Aunque la Selección española fue de más a menos y las últimas impresiones suelen ser las que perduran, mi sensación es que el partido nos dejó muchas señales positivas. No diré que fuimos mejores porque el empate es un justo premio si ponemos en una balanza los méritos de cada equipo. Sin embargo, tengo la sensación de que somos mejores, así en general. Asumo que esta es una afirmación casi pecaminosa, porque estamos hablando de los vigentes campeones del mundo y de los inventores de la fiabilidad alemana tanto en motores de explosión como en equipos de fútbol.
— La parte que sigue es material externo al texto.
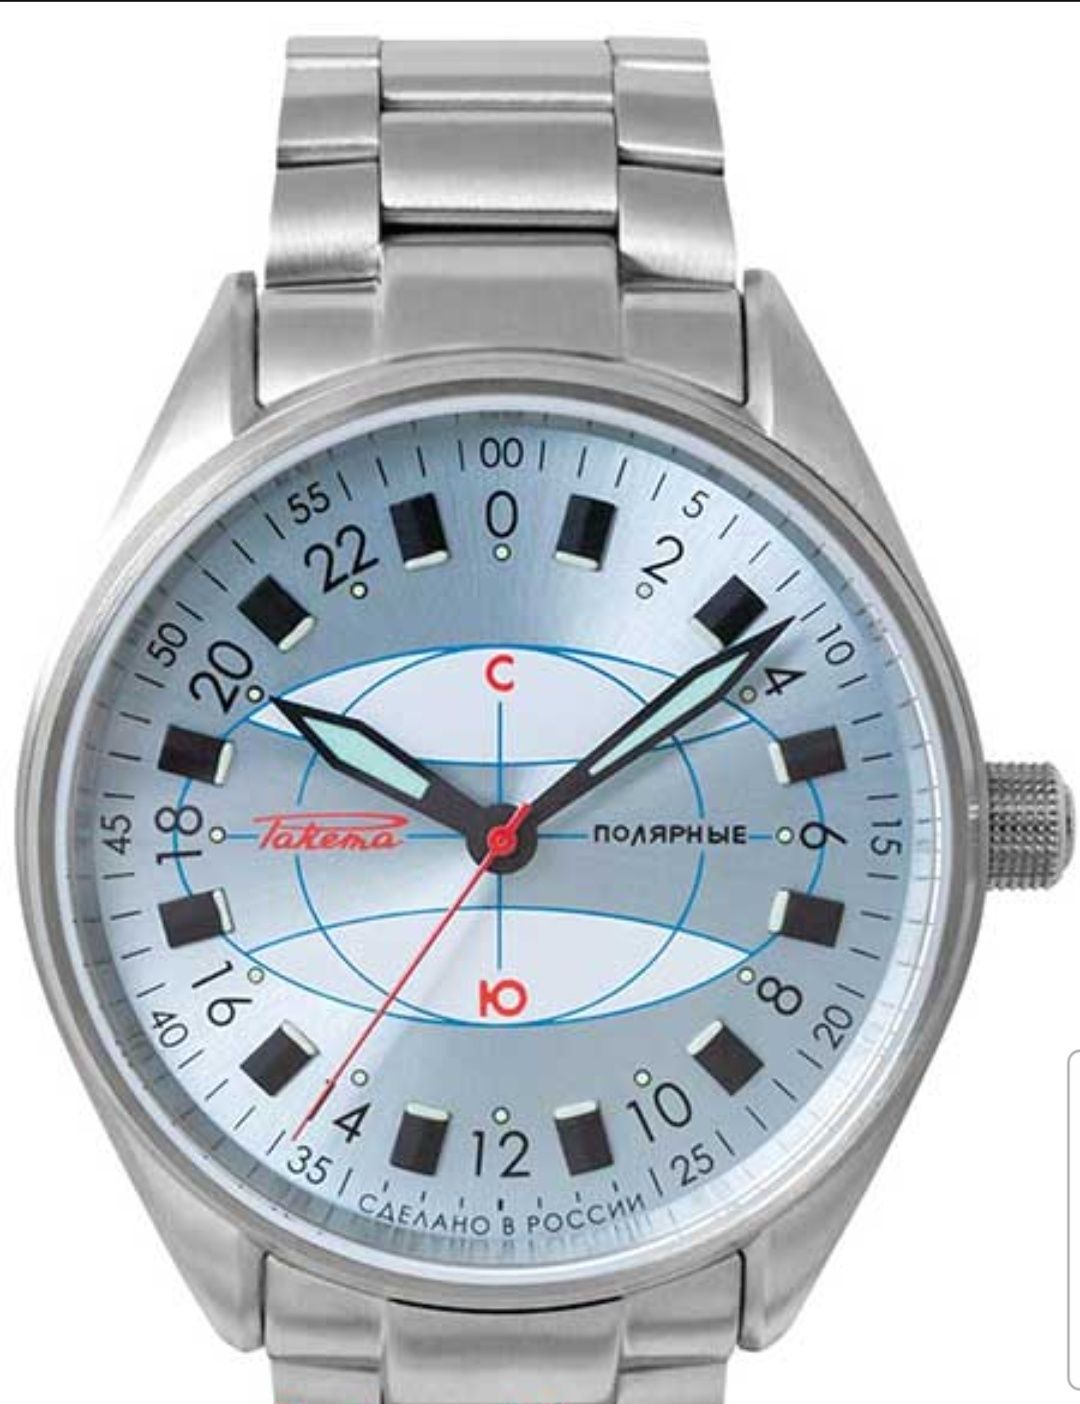 Часы Ракета Полярные 241 (RAKETA Polar 241) W-45-17-30, 0241на подарок

Lo sé, pero no me retracto. España es mejor y lo demostró durante largos ratos de la primera mitad, cuando su fútbol de toque y triangulación hizo planear sobre los alemanes en el campo y en la grada viejos complejos que creían superados. Alemania ha copiado el concepto, pero nosotros somos la marca registrada.

Cuestión distinta es nuestra capacidad para materializar la superioridad en goles. Tanto nos hemos empeñado en jugar bien al fútbol que hemos convertido el gol en una consecuencia y no en un objetivo. Es como si encontráramos más placer en combinar que en marcar. Y es un problema, porque después de dibujar en el campo cuatro mandalas, ya nos sentimos como si hubiéramos marcado cuatro goles.

Hay otros asuntos a mejorar. En defensa se nota mucho que estamos haciendo los deberes y que nos gustaría pasar la tarde en otro sitio. Nos distrae una mosca. Para defender bien se necesita un punto de dramatismo del que carecemos. En ciertos momentos, un equipo debe defender como si tuviera que escapar de un edificio en llamas. Nosotros somos un equipo feliz que no distingue un incendio de una estufa.

Eso sí, cuando toca atacar corremos como los niños que salen al recreo después de una clase de matemáticas. Disfrutamos más de la libertad que del ataque.

Todo lo anterior quedó expuesto en la visita a Düsseldorf. Salimos convencidos y marcamos a los cinco minutos. Rodrigo, la novedad en el once, correspondió a un exquisito pase de Iniesta. Va siendo hora de señalar que la defensa alemana no hay rastro de Beckenbauer. Por esa línea se deshace el equipo a poco que se golpee la puerta.

Con Isco e Iniesta al mando de las operaciones nos mostramos como un equipo despreocupado en la contención y extraordinario en la posesión. A menor espacio para maniobrar, más gozaban nuestros futbolistas. Y no saben lo que humilla eso. Quien lo sufre se termina por sentir ninguneado.

A la media hora, la colonia española ya estaba cantando Cielito lindo. A los 34 minutos, Müller dio por finalizada la canción. Justo antes de disparar pensamos que había demasiada distancia y demasiado portero. No contamos con los balones que suben y bajan. En el siglo anterior, la pelota habría terminado en la grada; en este caso aterrizó por la escuadra.

Lo que siguió fue una pérdida progresiva de energía por parte de España, que no puede permitirse el lujo de prescindir de Busquets. Con todo, nos repartimos amigablemente ocasiones y arrebatos.

Es posible que cuando lleguemos al Mundial hayamos traspapelado los detalles del partido, pero no deberíamos olvidar la sensación: somos mejores.